Where does this come from? It turns out, it's a JSON web token. Copy that huge string... then head over to jwt.io: a lovely site for working with JSON web tokens - or JWT's. If you're familiar with how JWT's work, awesome. If not, here's a little primer.
A JWT + Mercure Primer
Scroll down a bit to find a JWT editor. Paste in the encoded token. So this weird string here can actually be decoded to this JSON. And... you don't need a secret key to do it: the long string is basically just a base64 encoded version of this JSON. Anyone can turn this string into this JSON.
So when we send this long string to the server, what we're really sending is this JSON data. For us, the subscribe
part isn't important... and neither is the payload
. But the publish
part is important. This basically says:
Hi Mercure Hub! Guess what! I have permission to publish to any topic. Cool, huh?

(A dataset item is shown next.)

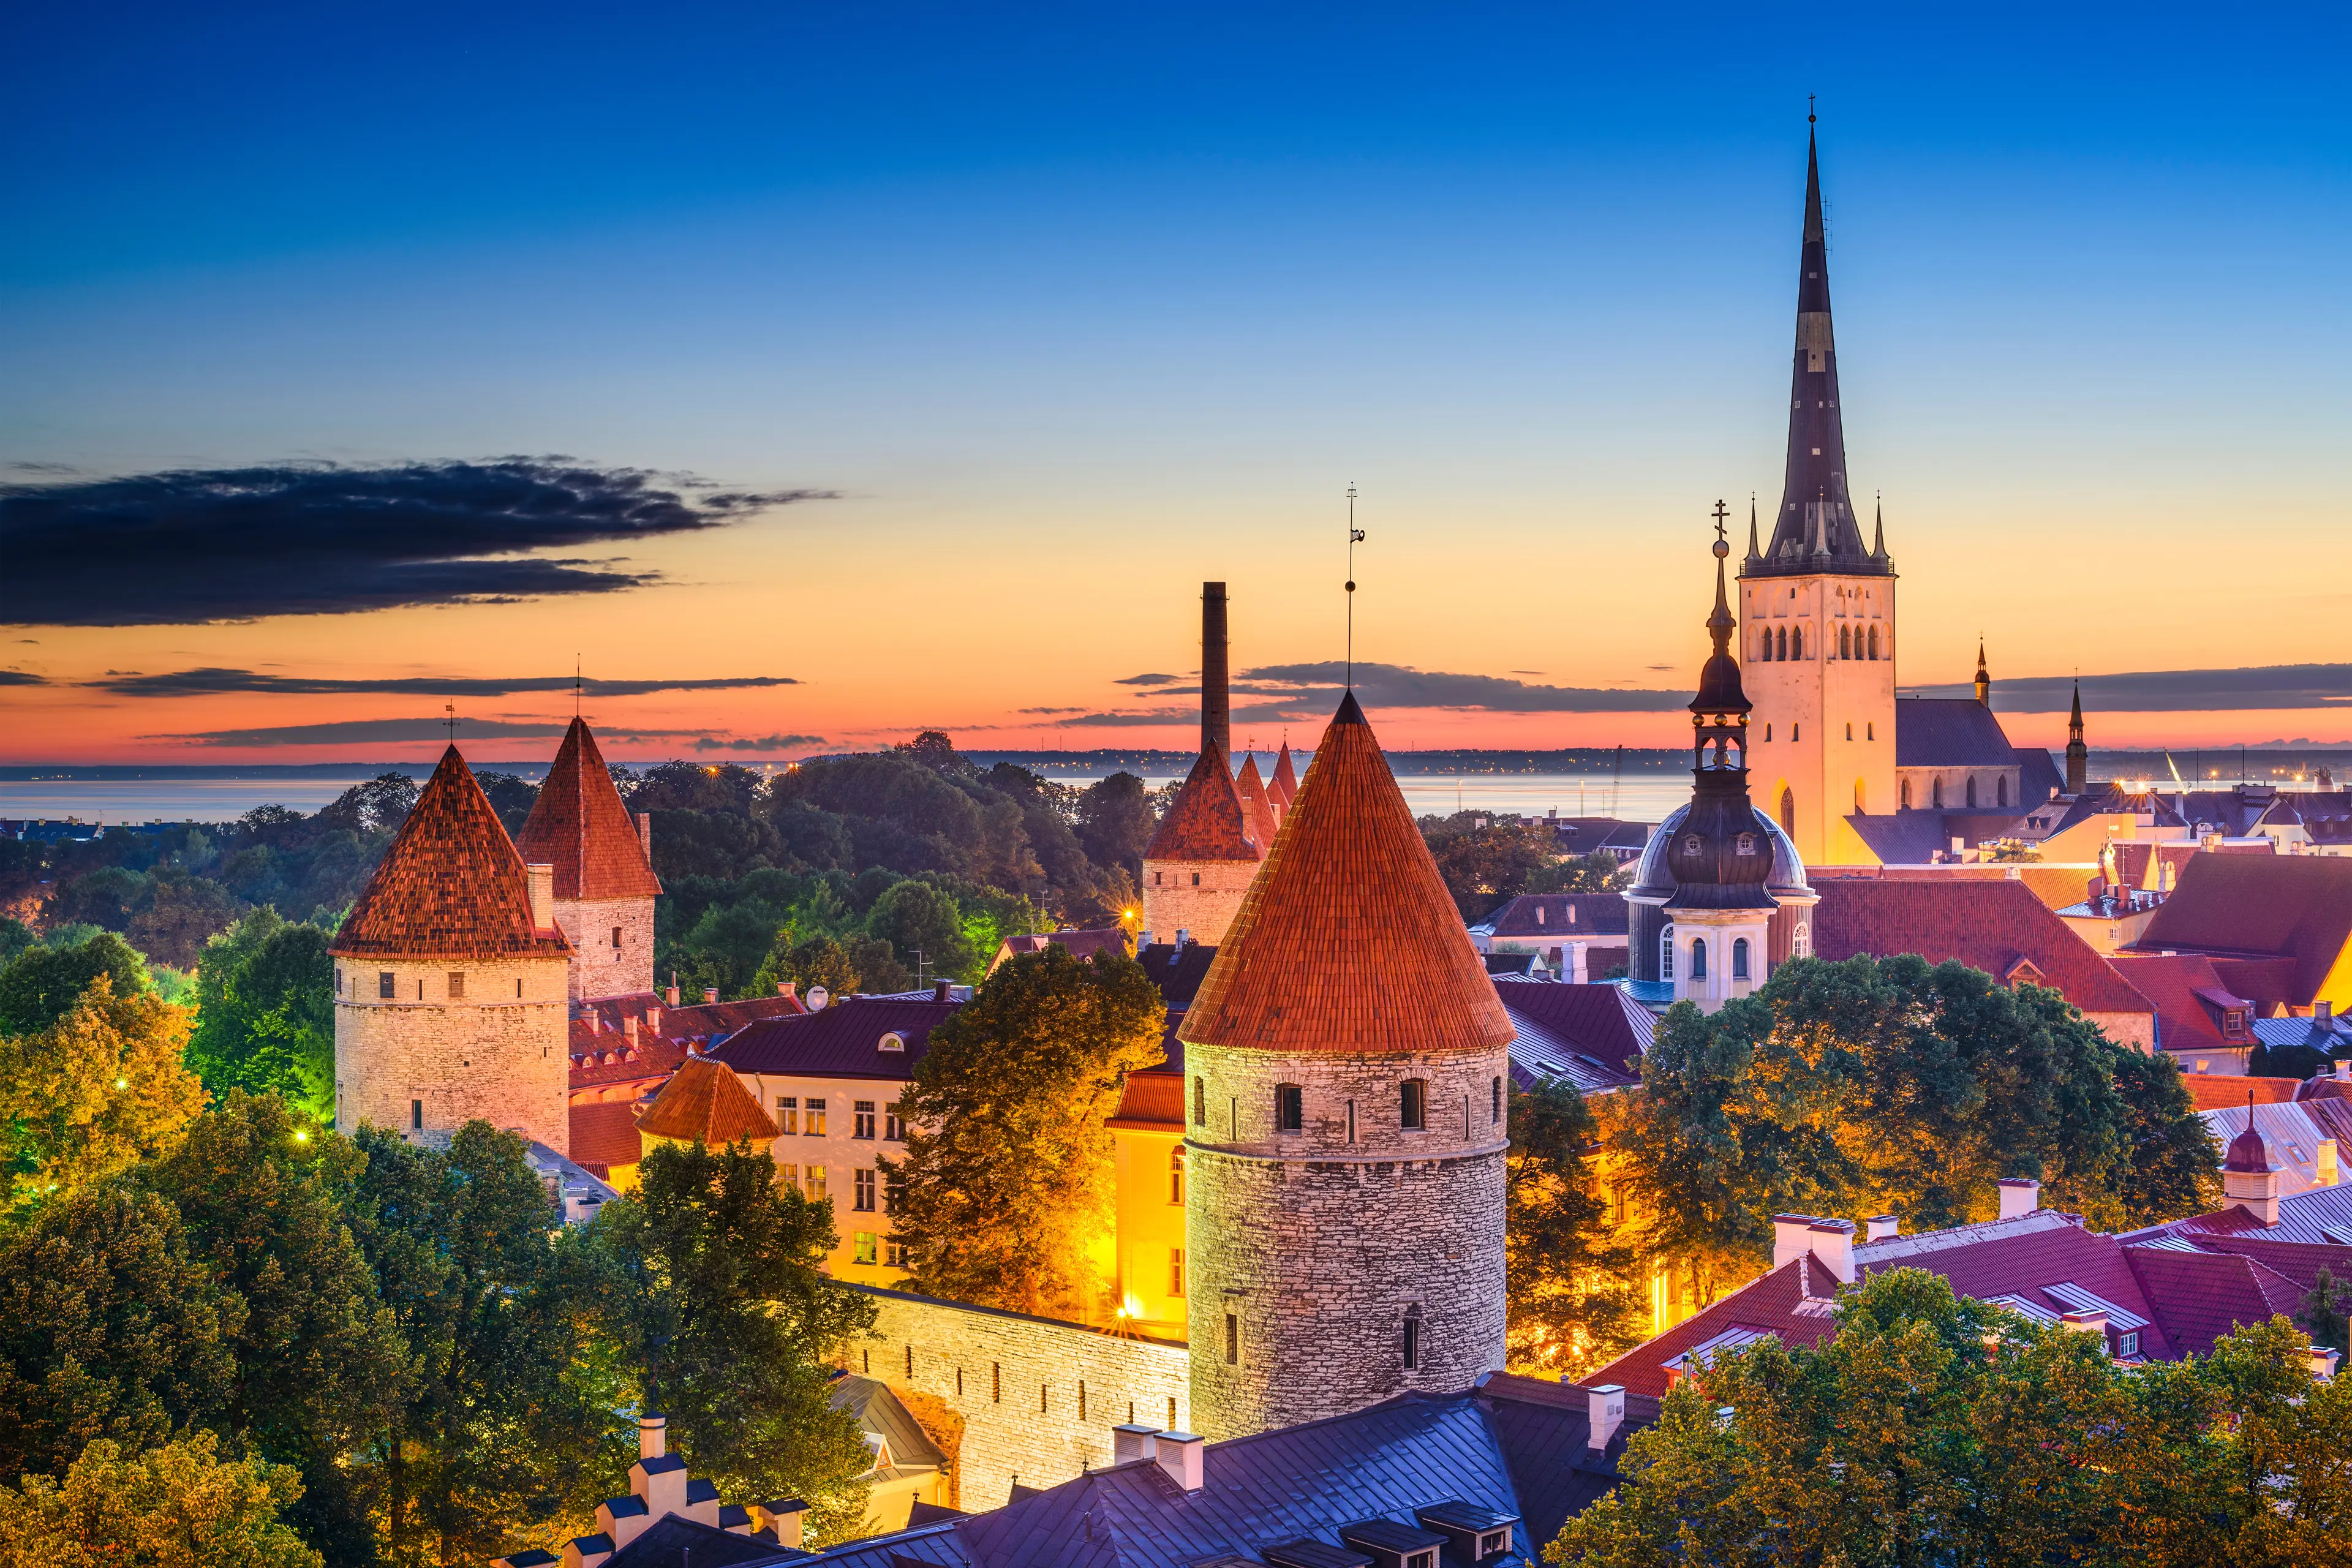 4-Day Local Family Experience: Food, Wine & Nightlife in Tallinn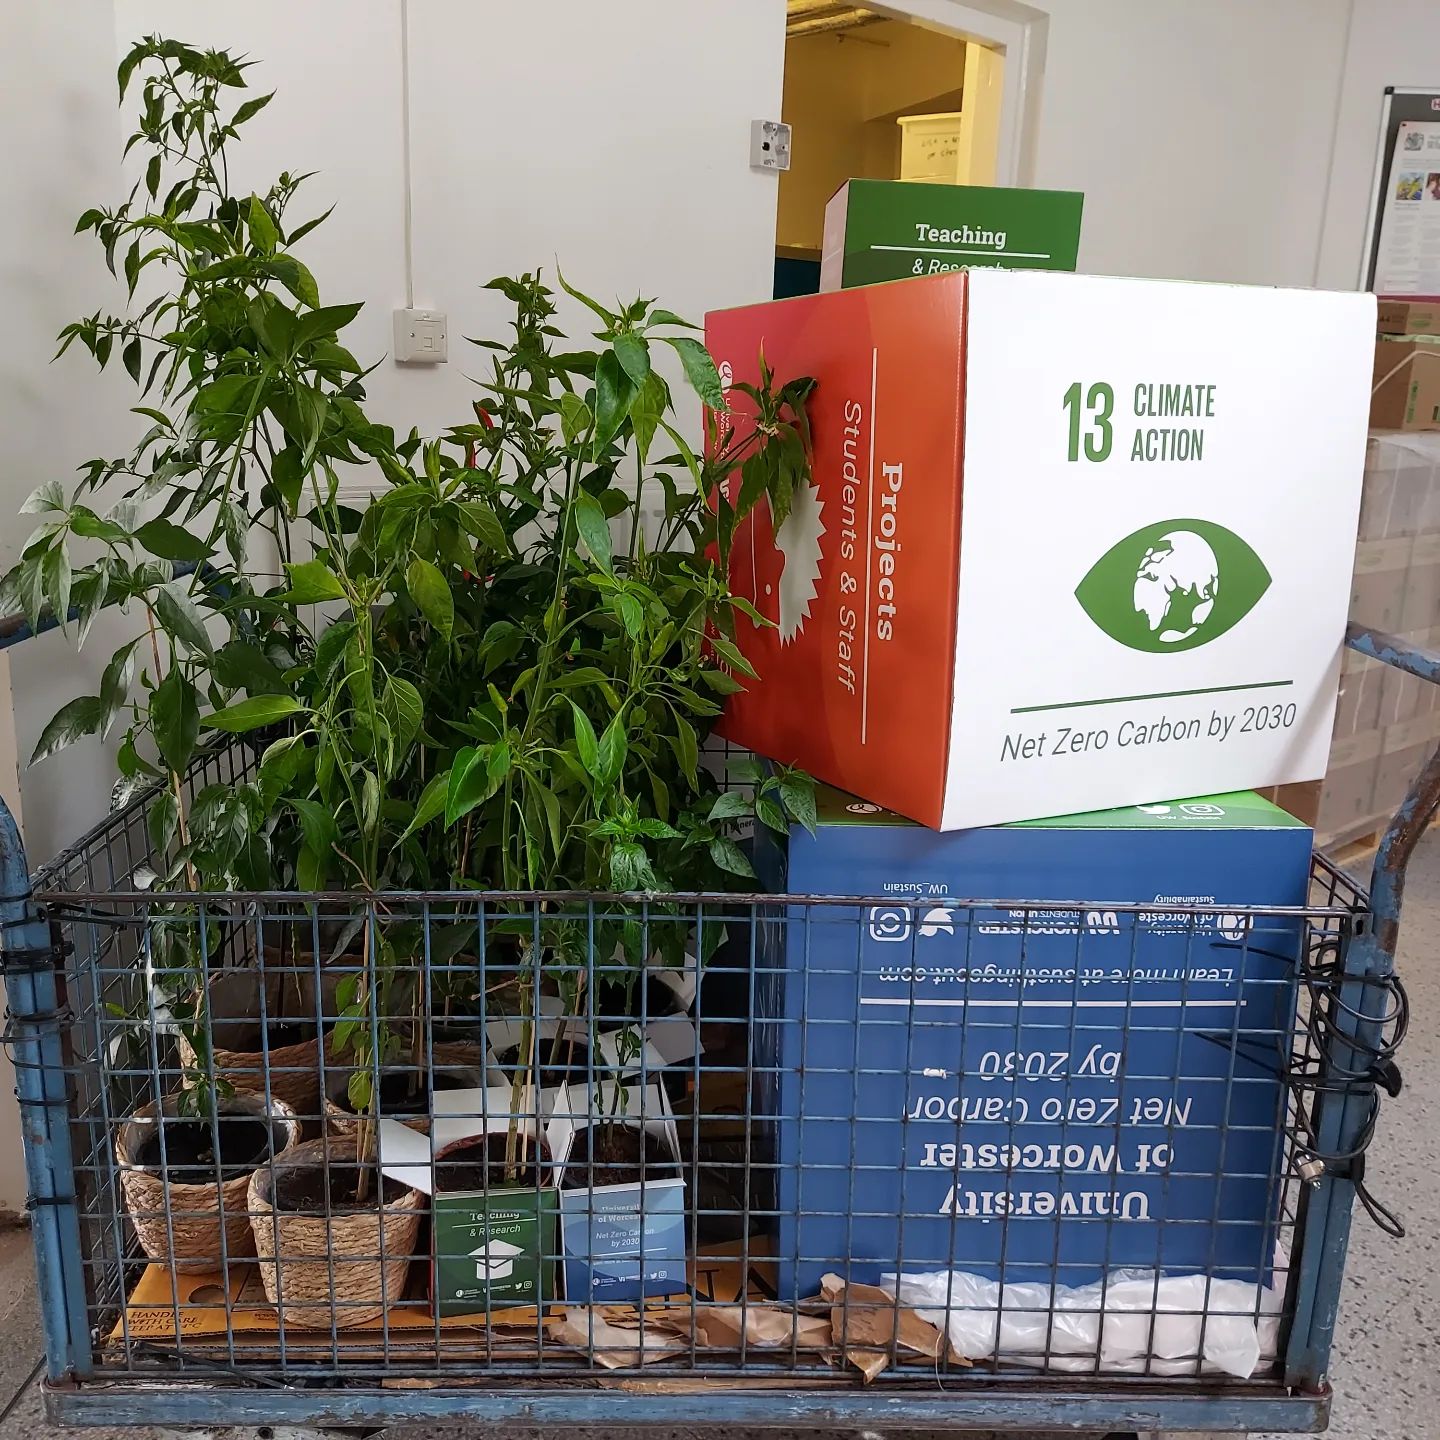 Trolley loaded....getting ready to set up for the #sustainability #greenimpact awards. Good luck everyone. @worcsu @uow_sustainability_network @uow_womensnetwork @worcesterunifood @worcester_uni . Can't wait for the special vegan moussaka lunch

Ok... but why does the Mercure server trust this? Can't anyone create a JSON web token that claims that they can publish to all topics? Yea! But those wouldn't be signed correctly unless they have the "secret".
When you run a Mercure Hub, you give it a "secret" value... which, by default - and for our Mercure Hub - is !ChangeMe!
. This is the value that you see in our .env
file.
Back over on jwt.io
, look at the bottom. It says "invalid signature". When a JWT is created, it's signed by a secret key. When someone uses a JWT, after decoding it - which anyone can do - they are then supposed to verify the signature of the token. Right now, it's trying to verify the signature of our JWT... but using the wrong secret. If we paste in our real secret instead... it's verified!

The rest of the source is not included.